Thank you for saying ‘titled’ rather than the usual, painfully erroneous ‘entitled’.
The former refers to something having a title, while the latter refers to persons.

Brian Johnson uk
April 10, 2012 10:47 pm

Academics may scoff but this guy has dug up loads of historical observations of UK weather and is at least as accurate as any UEA utterance.
http://www.booty.org.uk/booty.weather/climate/wxevents.htm
example……
http://www.booty.org.uk/booty.weather/climate/1750_1799.htm

Brian Johnson uk
April 10, 2012 10:51 pm

Try this link and look at 1703 – if that happened now can you imagine the hysteria from the Greens!
http://www.booty.org.uk/booty.weather/climate/1700_1749.htm

Mr.D.Imwit
April 10, 2012 11:16 pm
Bertram Felden
April 11, 2012 12:38 am

I’m afraid, that leaving aside all the told you so and now you didn’t claims I personally remain very sceptical of dendroclimatology.
Although I do find it laughable to have one of the earlier contributors claim that as this was a study based only on north western Eurpoean trees it can’t be a proxy for global conditions (true enough).
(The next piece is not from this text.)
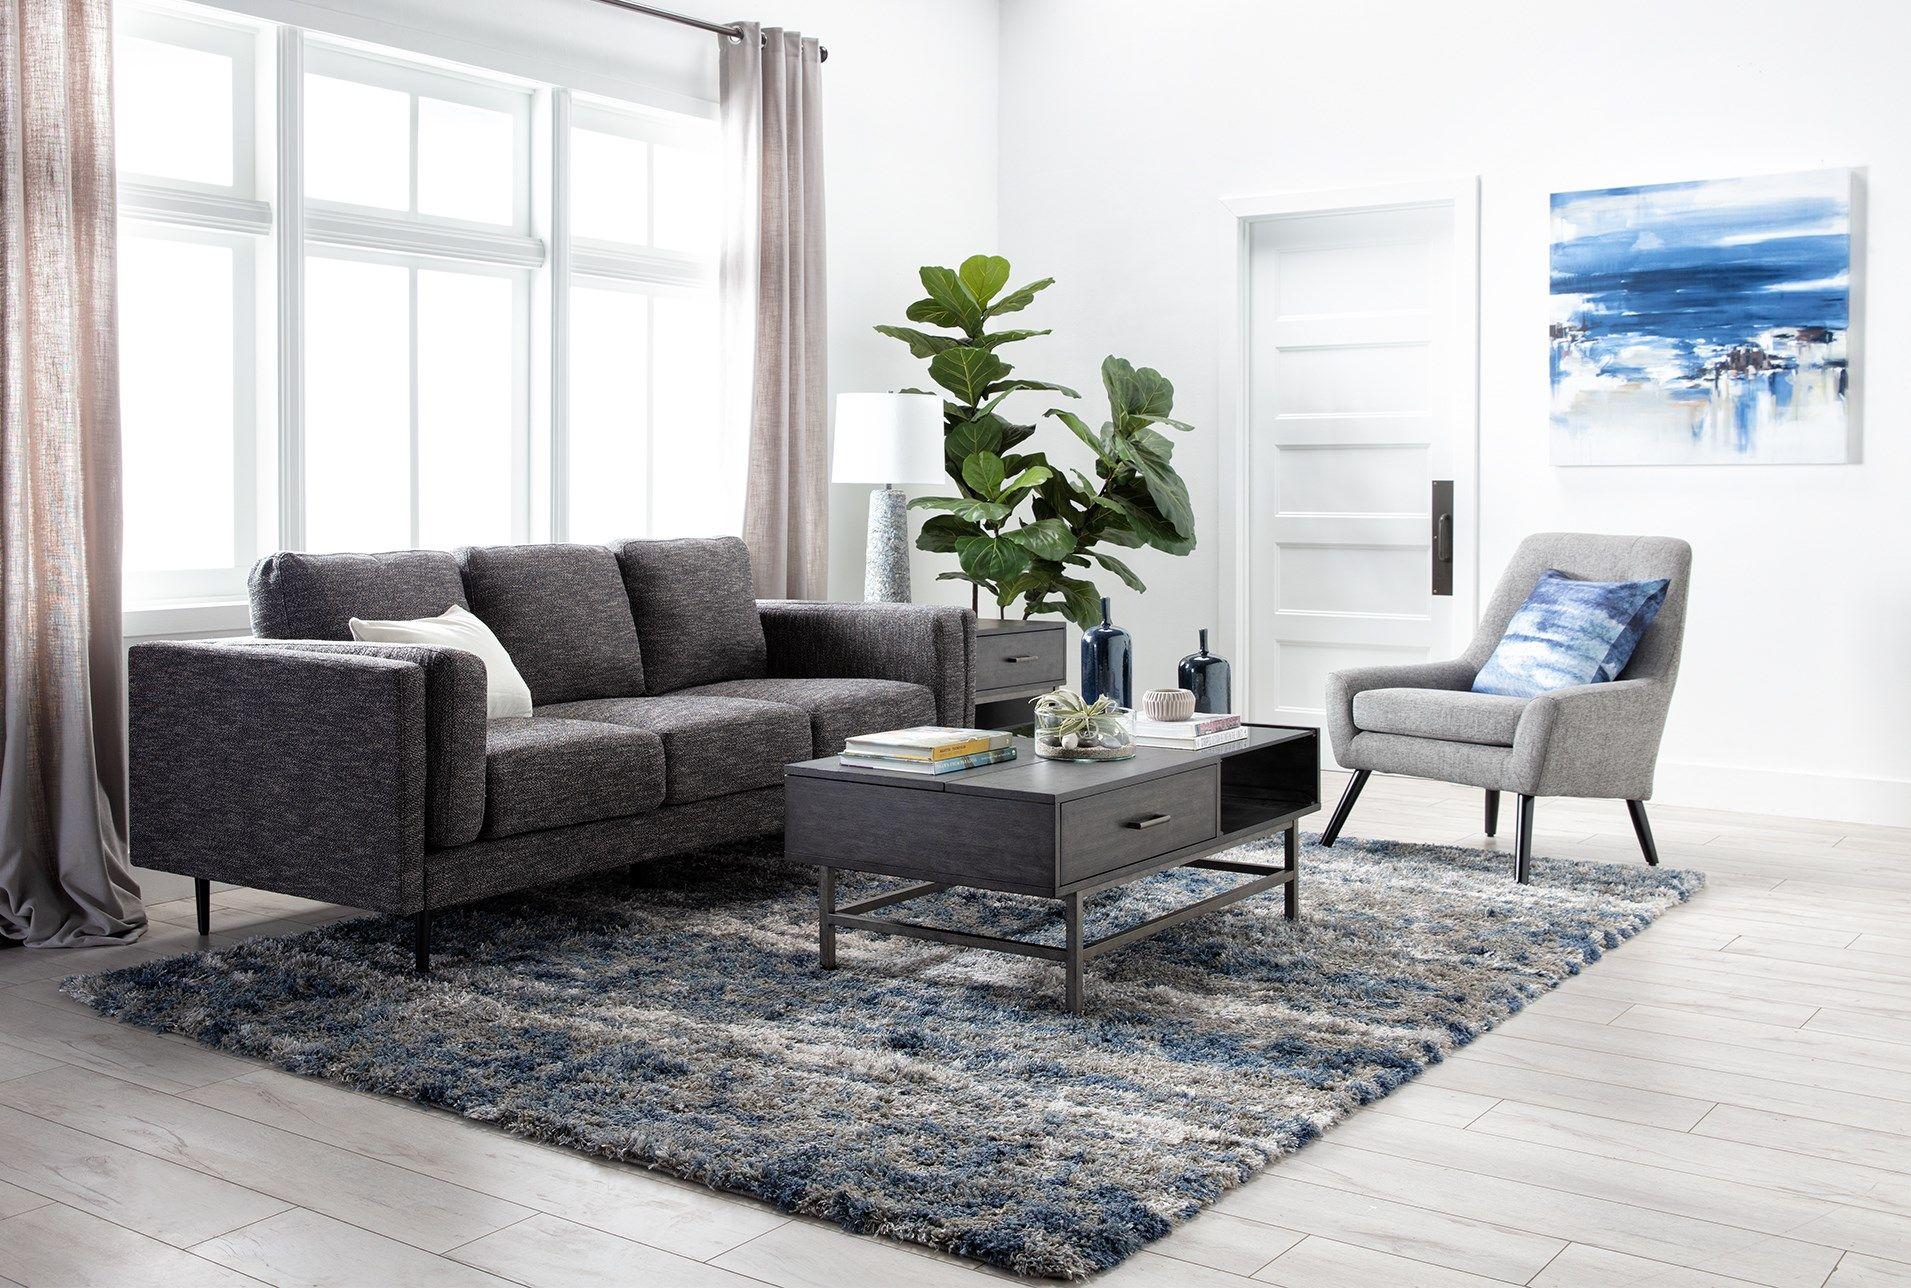 Bianca Dusk Accent Chair Cheap Living Room Furniture Living Room Designs Small Space Living Room [ 1288 x 1911 Pixel ]

But remind me, how is it that a handful of trees from one Siberian peninsula can (Mann et al)?

Anthea Collins
April 11, 2012 7:49 am

Don’t panic, all is well. The weather here in southern England is back to “normal” … this morning we have had: brilliant sunshine, drizzle, sunshine, torrential downpour with hail and thunder, and it’s back to sunshine. April, don’t you love it!